27 октября Елизавета открыла заседание парламента последнего для нее созыва. Его главной целью было собрать средства для отражения испанской интервенции; испанцы всего несколько недель назад высадились в Ирландии, чтобы поддержать мятеж Тирона против англичан. На открытии заседания всем стала очевидна слабость королевы: церемониальная мантия из бархата с горностаем казалась слишком тяжела для нее. Поднимаясь на трон, она пошатнулась и упала бы, «если бы какой-то джентльмен не подбежал к ней и не поддержал ее».[1264]

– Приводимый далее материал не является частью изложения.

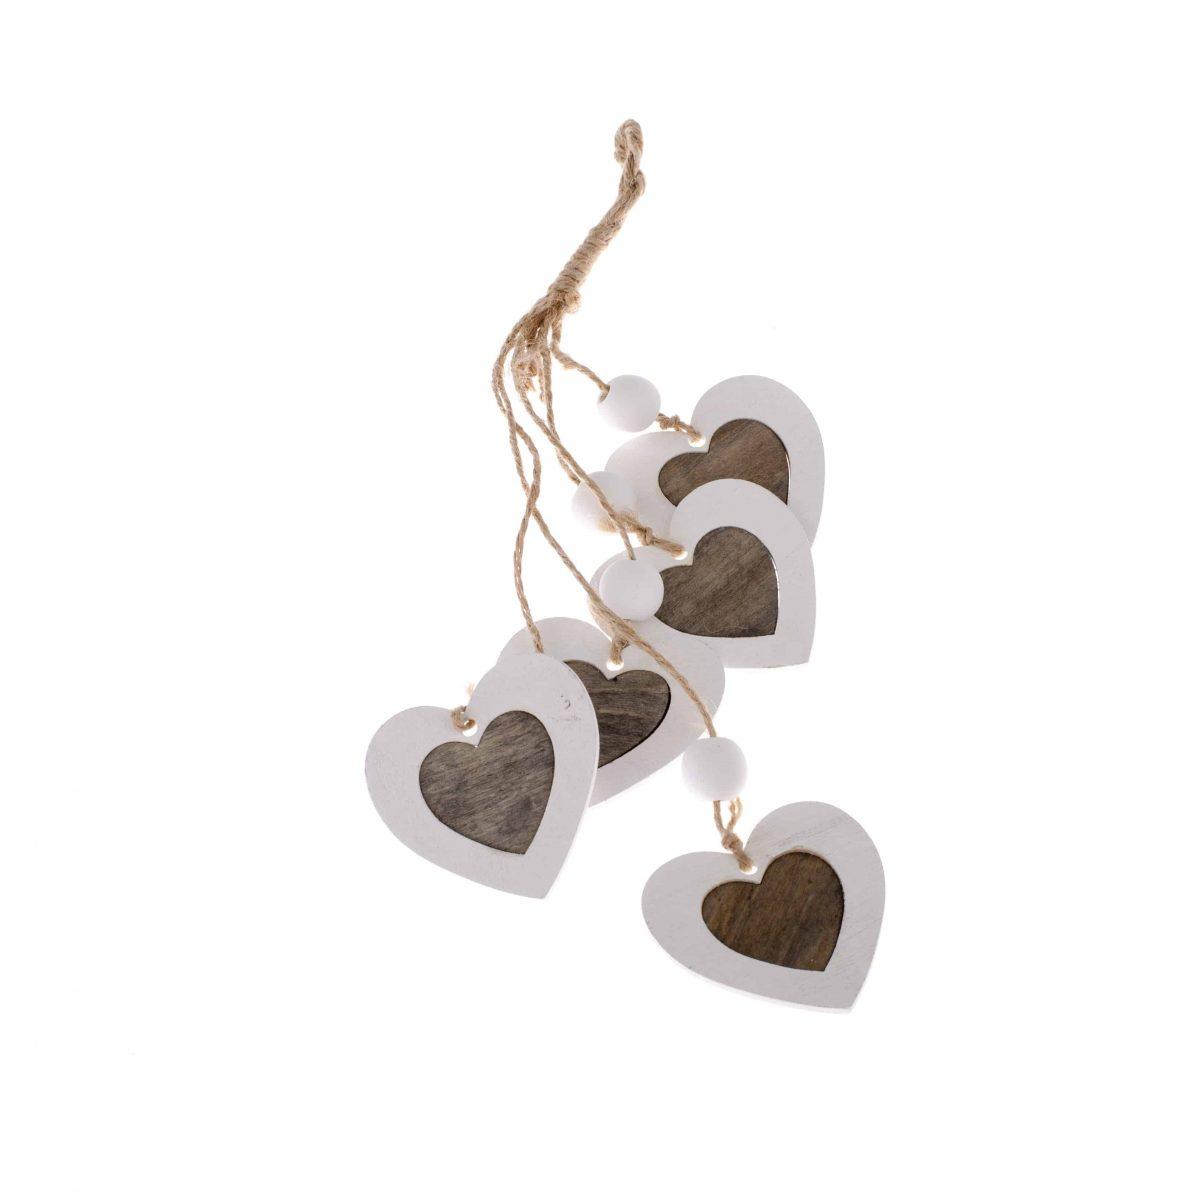 Závesná dekorácia srdce 5 ks

Однако, невзирая на слабое и стареющее тело, она сохраняла сильный разум. Накануне своего семидесятилетия Елизавета еще умела в нужных случаях продемонстрировать величие. 30 ноября во дворец Уайтхолл вошла делегация из 150 членов палаты общин для аудиенции с королевой. После того как собравшиеся опустились перед ней на колени и спикер произнес обращенную к ней речь, Елизавета ответила одной из самых прославленных речей за все время своего правления. Она поблагодарила членов палаты за верность и любовь к ней и объявила, что намерена и дальше печься об их благополучии. «Никогда на моем месте не будет королевы, – сказала она, – которая бы более ревностно относилась к моей стране, заботилась о моих подданных и охотнее пожертвовала бы собственной жизнью ради вашего благополучия и процветания, чем я. Ибо я не желаю ни жить, ни править дольше, чем мои жизнь и правление будут необходимы для вашего блага». Елизавета говорила пылко и убежденно, напомнив саму себя в Тилбери, когда она уверяла, что Господь даровал ей «сердце, которое еще ни разу не боялось ни внешних, ни внутренних врагов». Она сказала: «Хотя Господь высоко вознес меня, славнее всего для меня то, что я правлю, окруженная вашей любовью… Я не так рада тому, что Господь предначертал мне стать королевой, как счастлива быть королевой столь благодарных подданных». Как заметил сэр Джон Харингтон, «мы любили ее, ибо она сказала, что любит нас».Реальность противоречила этим изъявлениям взаимной любви. В декабре, перед роспуском парламента, Елизавета говорила о многих «странных поступках, кознях и замыслах» против ее личности и государственной власти.[1265]
В октябре таможенные служащие перехватили сундук, который некие лица собирались отправить во Францию. В сундуке нашли шкатулку, в которой лежало «изображение ее величества на металле и своего рода производное ртути, которое разъело металл». Владельцем сундука оказался некий Томас Харрисон, которого тут же допросили, желая знать, почему изображение королевы содержалось в ядовитой субстанции.[1266] Снова возникли подозрения, что причинить вред королеве собирались с помощью колдовства.[1267] Харрисон утверждал, что его заинтересовал сплав, из которого была изготовлена гравюра, и что он занимается алхимией, а не колдовством. Однако у него обнаружились тесные связи с католическими священниками во Франции, а гравюра с изображением Елизаветы была точно такой же, как на второй Большой государственной печати. Поскольку печать считалась высшим символом королевской власти, власти усомнились в словах Харрисона. Позже его обвинили в государственной измене и святотатстве.[1268]Завершая свою речь в парламенте, Елизавета сказала, что в конечном счете только Бог уберег страну от «опасности», а ее от «бесчестья».[1269]
Елизавета снова отождествила угрозы государству с угрозами своей чести. Ее девственность стала не просто ее личным выбором, но актом самопожертвования, на который она пошла ради своей страны.Елизавету все больше и больше донимали «вопросы о престолонаследии, о которых ей назойливо напоминали каждый день». Епископ Годфри Гудмен вспоминал, что «двор пребывал в большом небрежении, и создавалось впечатление, что всем в целом очень надоело правление старухи».[1270]
Министры все чаще обращали свои взоры на север. Больше нельзя было откладывать вопрос, который королева упорно отказывалась обсуждать: теперь все надежды и ожидания связывались с ее наследником, а не с ней.